EN We ask that you join a growing, global movement of people committed to a purpose—a cause—to defend, promote and ensure that the Internet remains open and free.
turečtina | Angličtina |
---|---|
amacı | purpose |
küresel | global |
TR Son teslim tarihleriniz sıkıdır ve içeriğinizde bir grup kişiye ulaşmanız gerekir ve bunun hızlı bir şekilde yapılması gerekir
EN You’ve got tight deadlines and you need to get a bunch of people across your content and you need it done fast
TR Birçok ITAA üyesi, sosyal medyayla ilgili bir sorunları olduğunu keşfeder. Bunun sizin için doğru olup olmadığını anlamanıza yardımcı olacak bazı sorular.

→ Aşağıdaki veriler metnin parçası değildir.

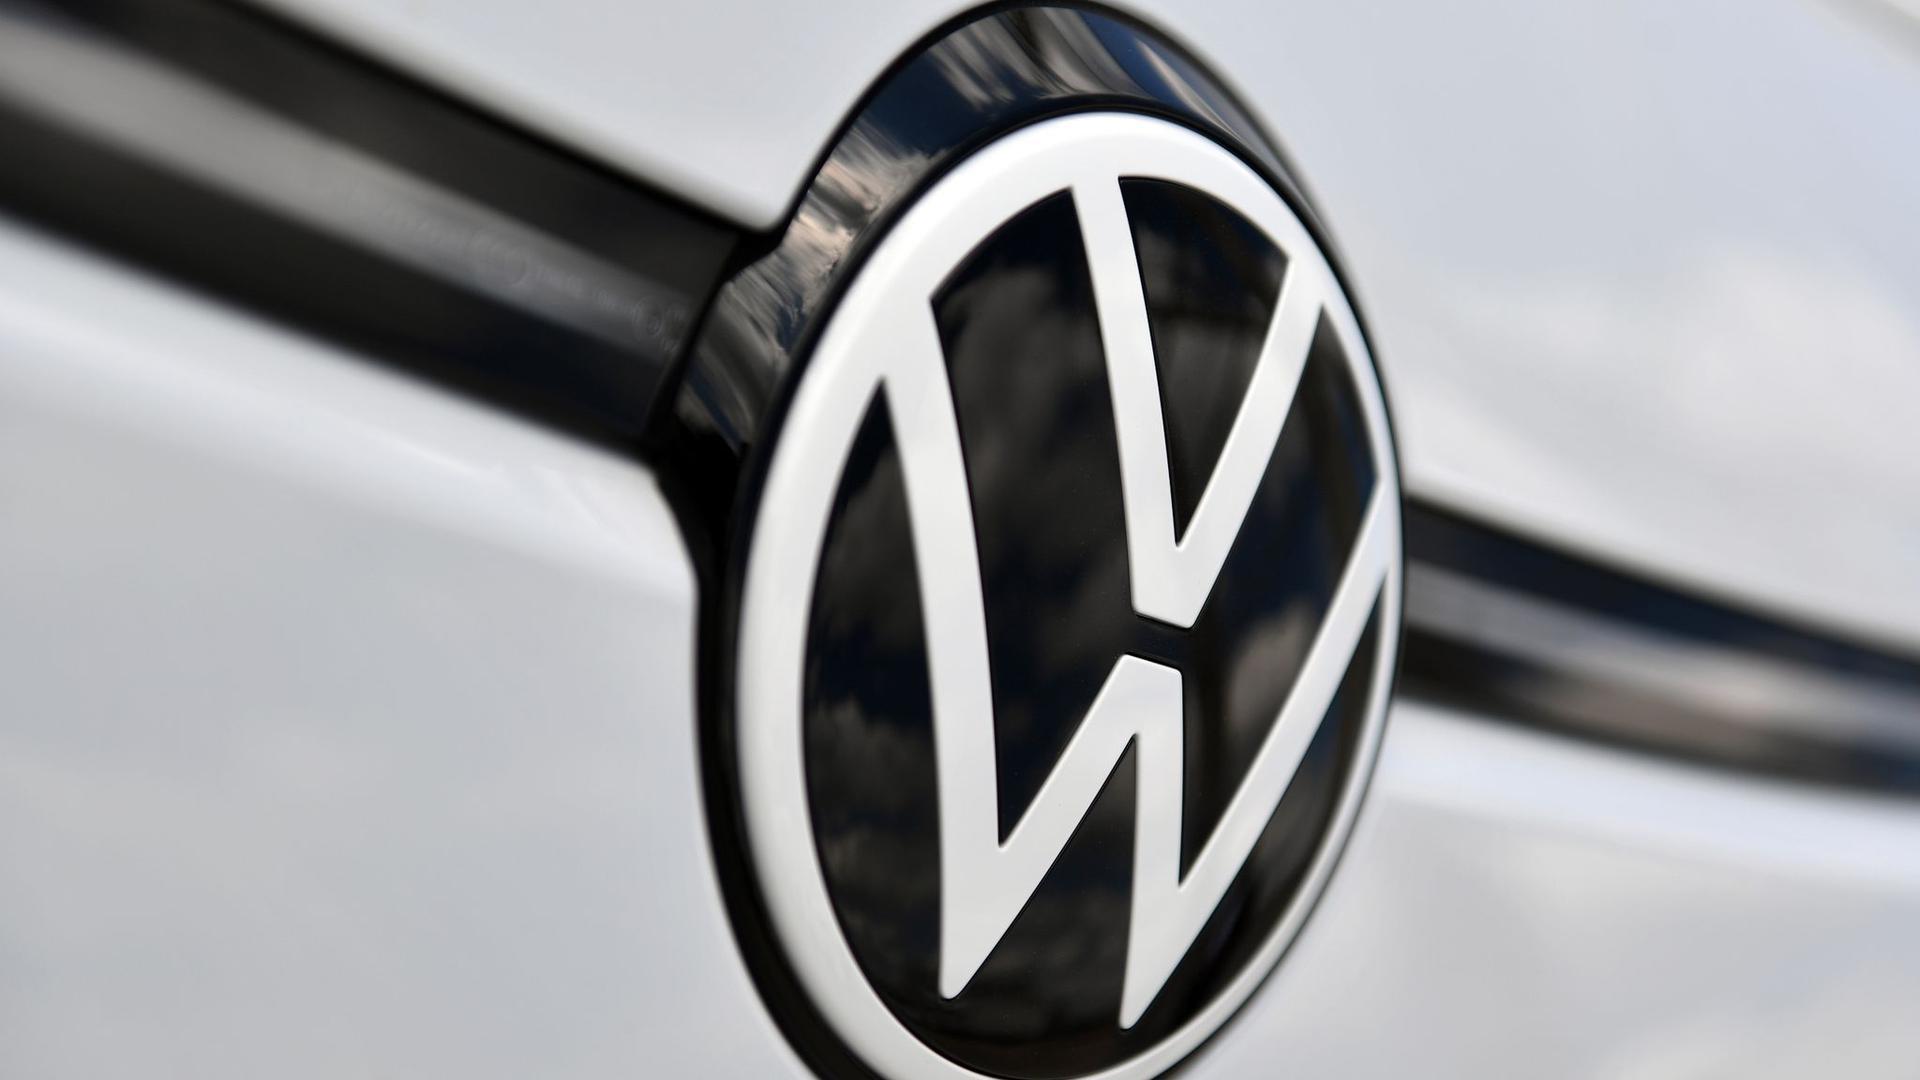 Verlangte Prevent-Firma Wucherpreise von VW?

EN Many ITAA members discover they have a problem with social media. Here are some questions to help you understand if this is true for you.
turečtina | Angličtina |
---|---|
itaa | itaa |
olup | if |
TR Birçok ITAA üyesi, sorunlarından birinin akıllı telefon bağımlılığı olduğunu düşünüyor. Bunun sizin için bir sorun olup olmadığına karar vermenize yardımcı olabilecek bazı sorular.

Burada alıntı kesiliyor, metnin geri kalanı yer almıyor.